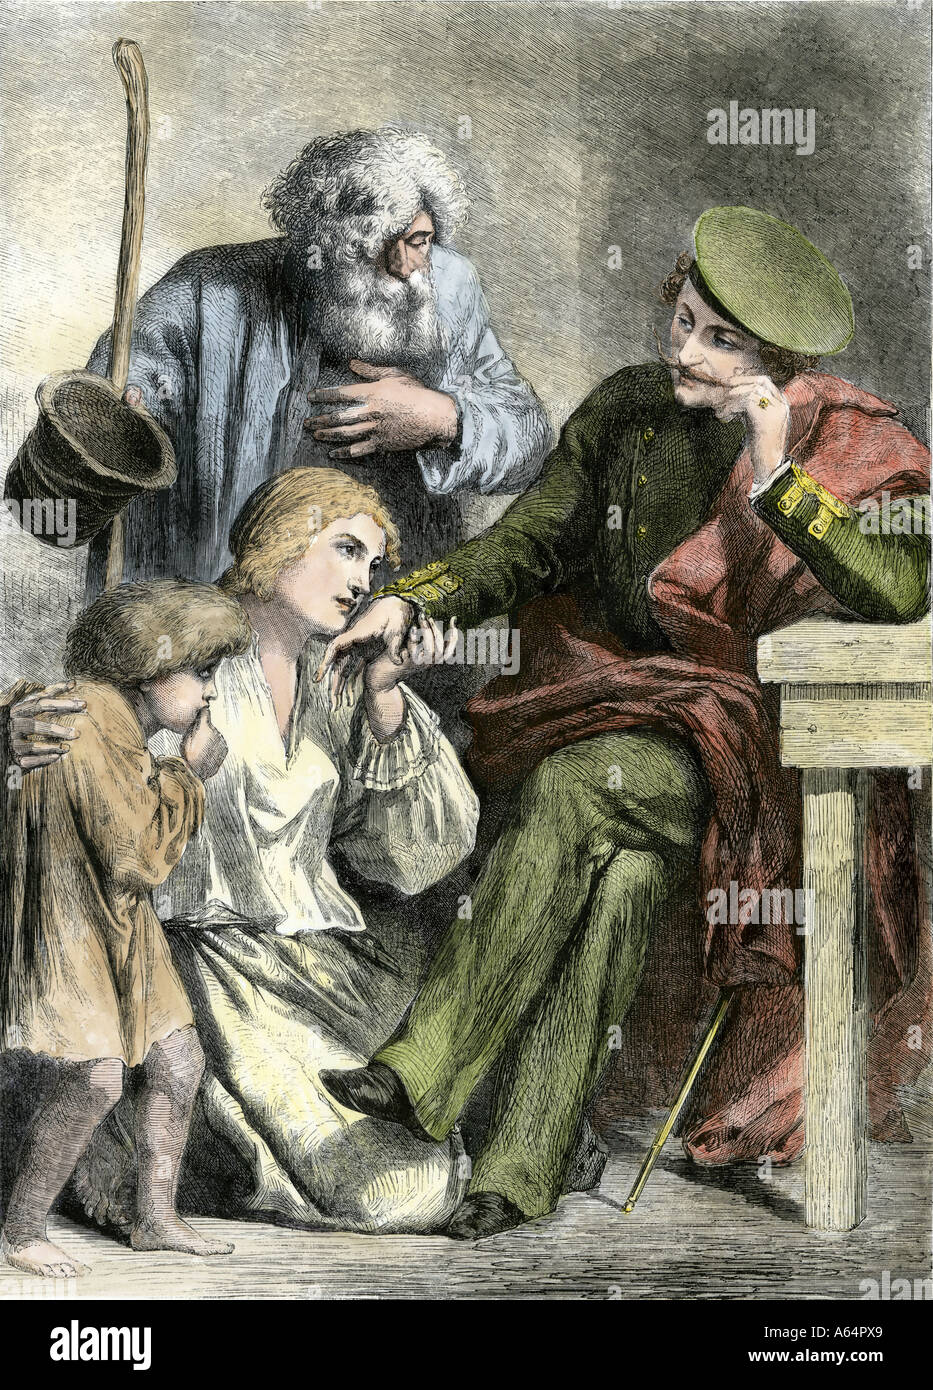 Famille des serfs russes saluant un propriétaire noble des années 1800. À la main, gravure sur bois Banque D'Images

------------------------------------------------------------------------

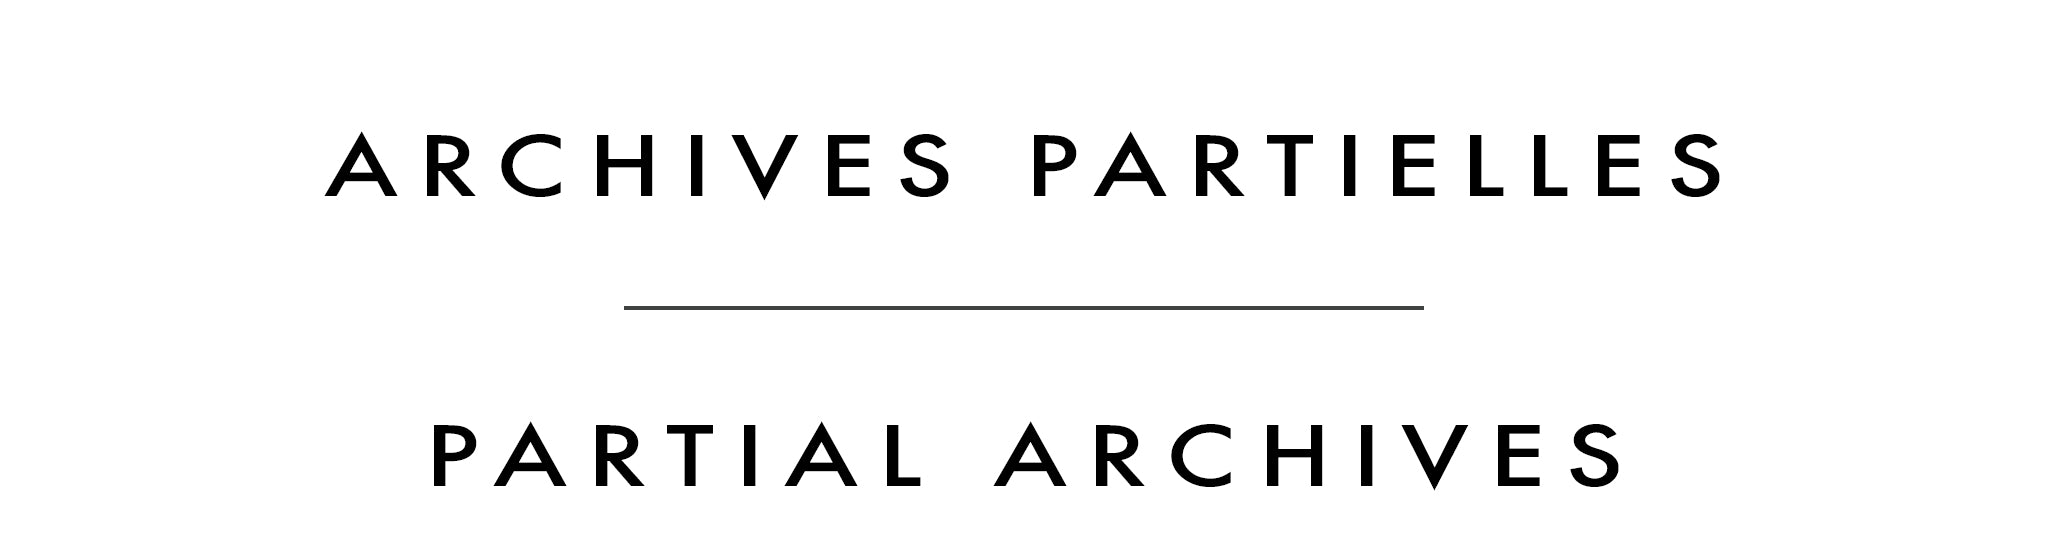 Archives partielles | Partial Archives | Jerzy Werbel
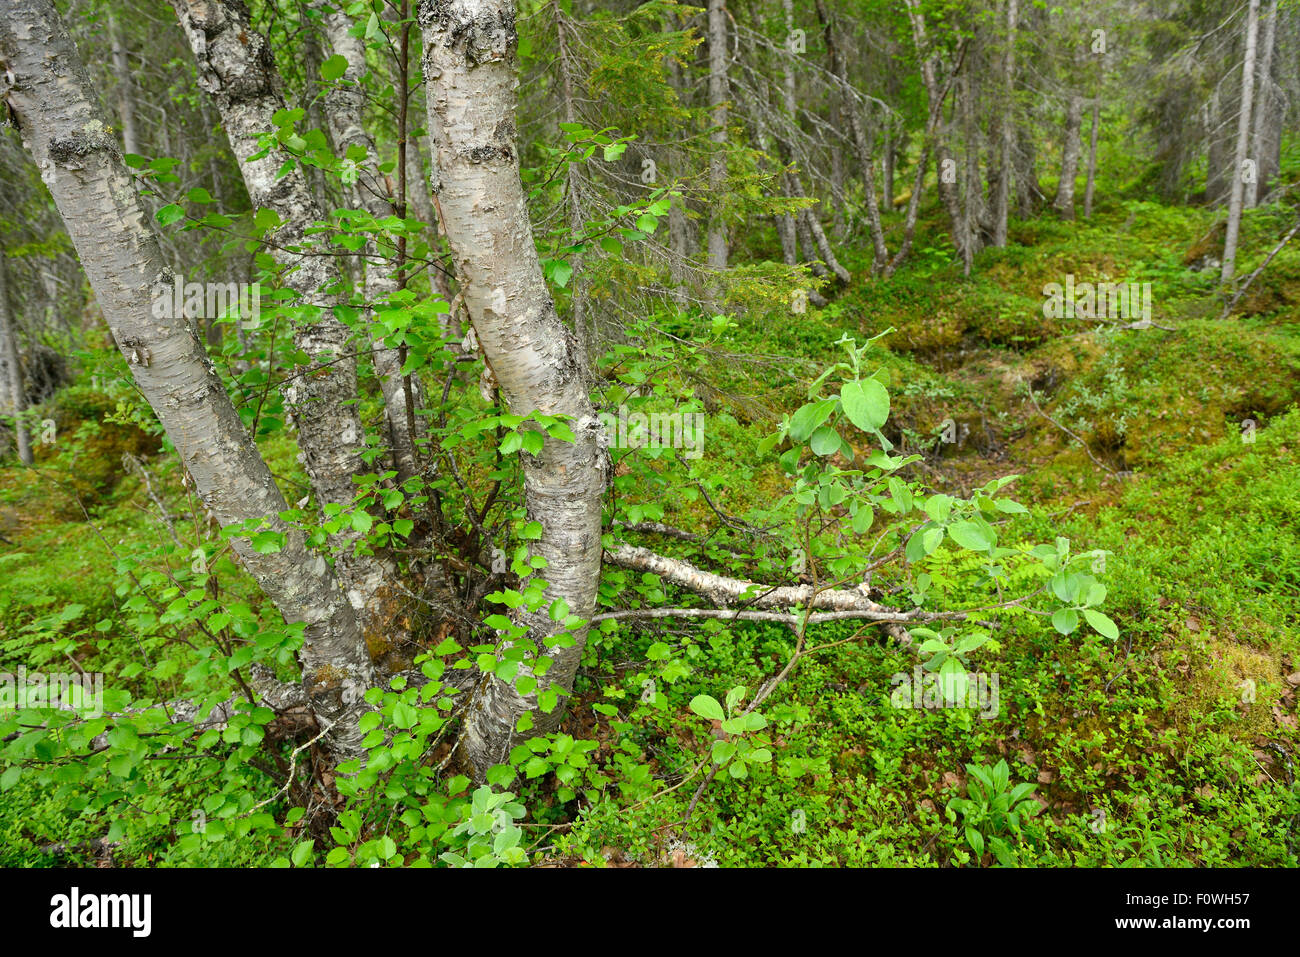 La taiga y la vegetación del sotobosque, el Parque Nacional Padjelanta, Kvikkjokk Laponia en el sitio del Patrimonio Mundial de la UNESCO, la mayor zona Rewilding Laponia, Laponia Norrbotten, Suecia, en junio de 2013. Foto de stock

------------------------------------------------------------------------

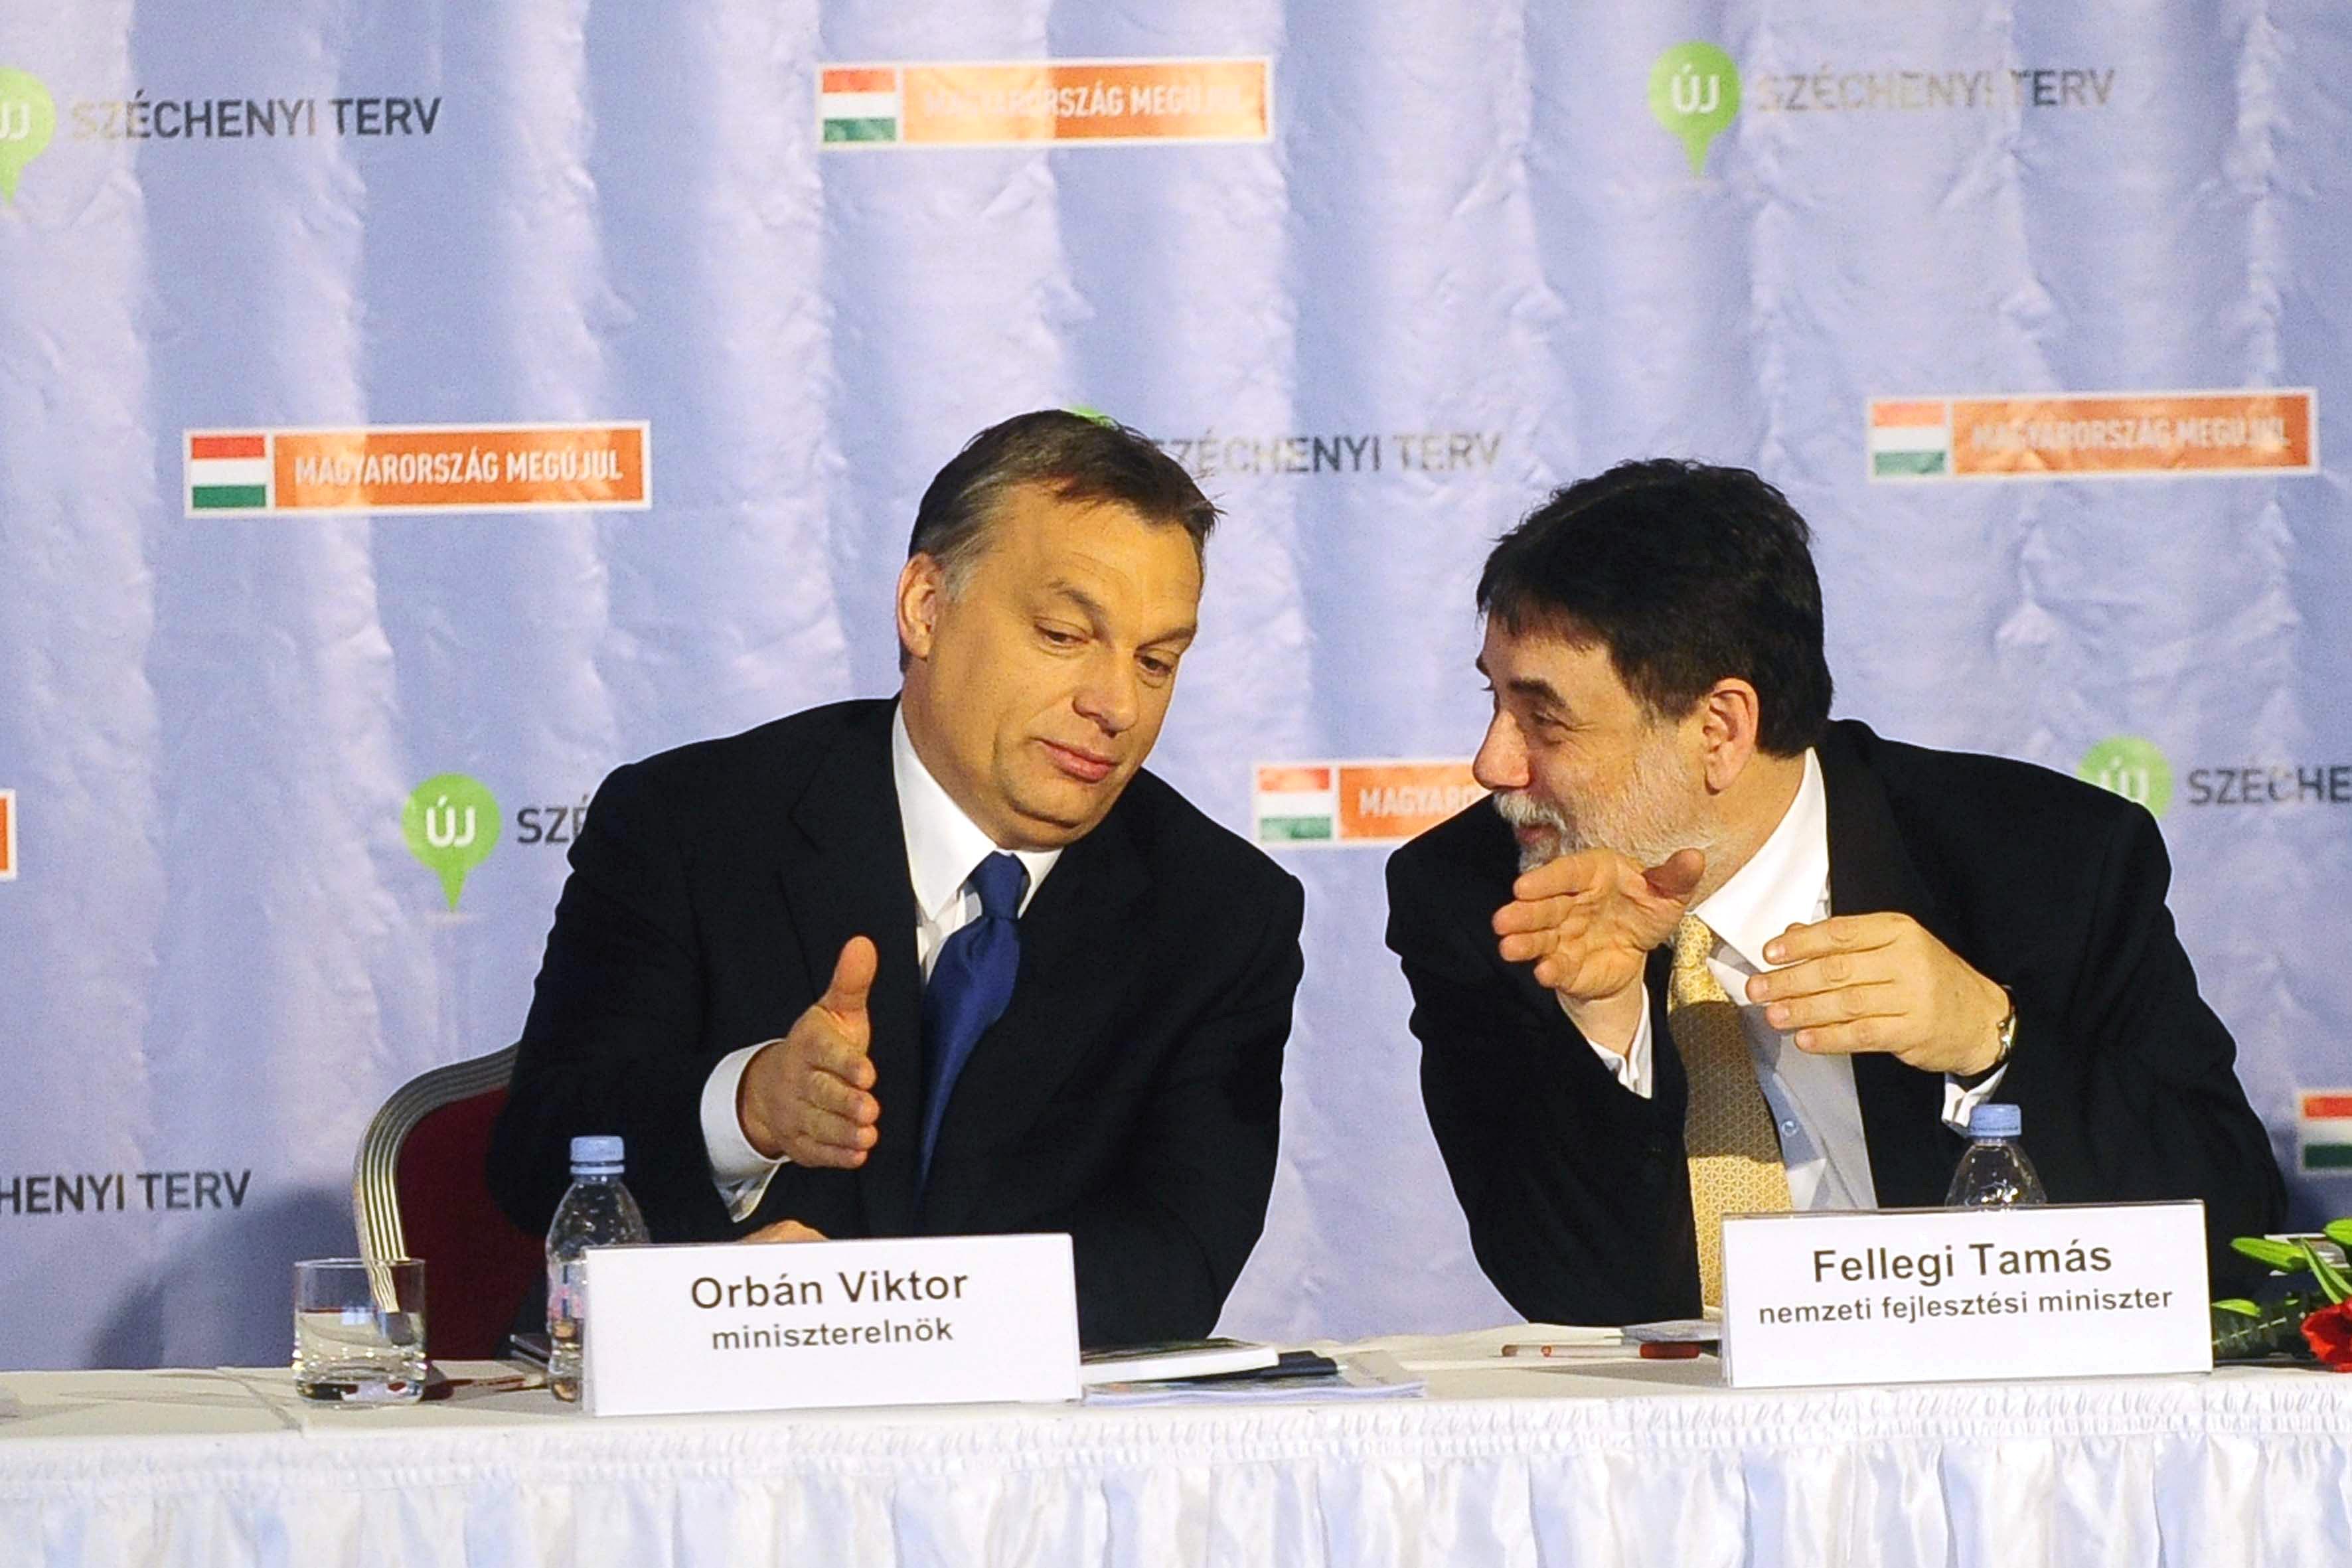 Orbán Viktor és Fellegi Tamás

------------------------------------------------------------------------

- [Problem description]: Pictures in the material above should be skipped; print exactly the lines from the one with "Archives partielles |" through the one with "La taiga y la".

- [Task output]:
 Archives partielles | Partial Archives | Jerzy Werbel
 La taiga y la vegetación del sotobosque, el Parque Nacional Padjelanta, Kvikkjokk Laponia en el sitio del Patrimonio Mundial de la UNESCO, la mayor zona Rewilding Laponia, Laponia Norrbotten, Suecia, en junio de 2013. Foto de stock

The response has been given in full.